Read about this very long and straight road in Australia...http://www.amusingplanet.com/2014/11/the-long-and-lonely-eyre-highway-worlds.html


----------



## Kadee (Nov 28, 2014)

I have traveled this road on our way to Perth Western Australia ,. After selling our home in Adelaide in 2004 we traveled many km"s arround Australia with our car and caravan for two years.
It has some spectacular scenery, traveling accross the Nullarbor plains as we call it some say it's boring but that's because they don't take the time to look and travel a little off the main road, we have lots of photos of the area but will have to see if I can post some one day


----------



## SeaBreeze (Nov 28, 2014)

That would be great Kadee, would love to see more pics of that area.


----------



## Falcon (Nov 29, 2014)

Wonder how many fall asleep driving this road. ?

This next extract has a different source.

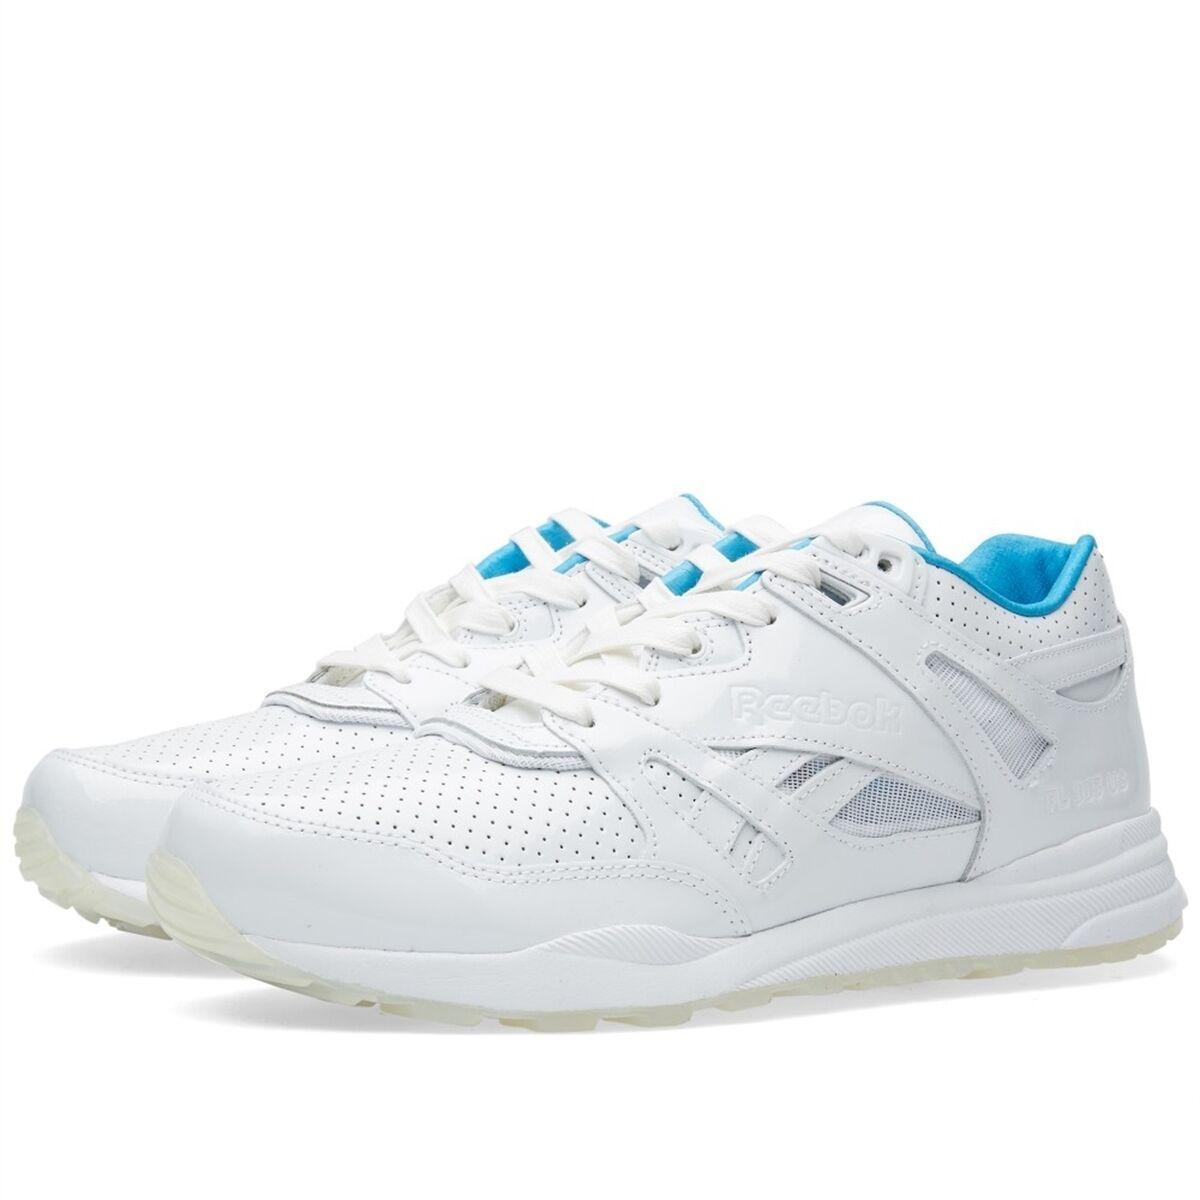 la reebok uomini scarpe da ginnastica respiratore nc bianco

Great as a runway for airplanes.


----------



## Kadee (Nov 29, 2014)

Falcon said:


> Wonder how many fall asleep driving this road. ?
> 
> Great as a runway for airplanes.


The road is used as a runway for the royal flying doctor in case of accidents or if anyone living in the area gets sick.
The biggest problem with the road is overseas tourists breaking down and not carrying enought water in the summer time it's a very long way in between service stations if you break down.thankfully there is lots of information available at Cuduna before venturing on to to very long trip from South Australia to Perth W.A.


----------



## Kadee (Nov 29, 2014)

SeaBreeze said:


> That would be great Kadee, would love to see more pics of that area.



Not really sure how to put photos from computer to tablet but will try soon


----------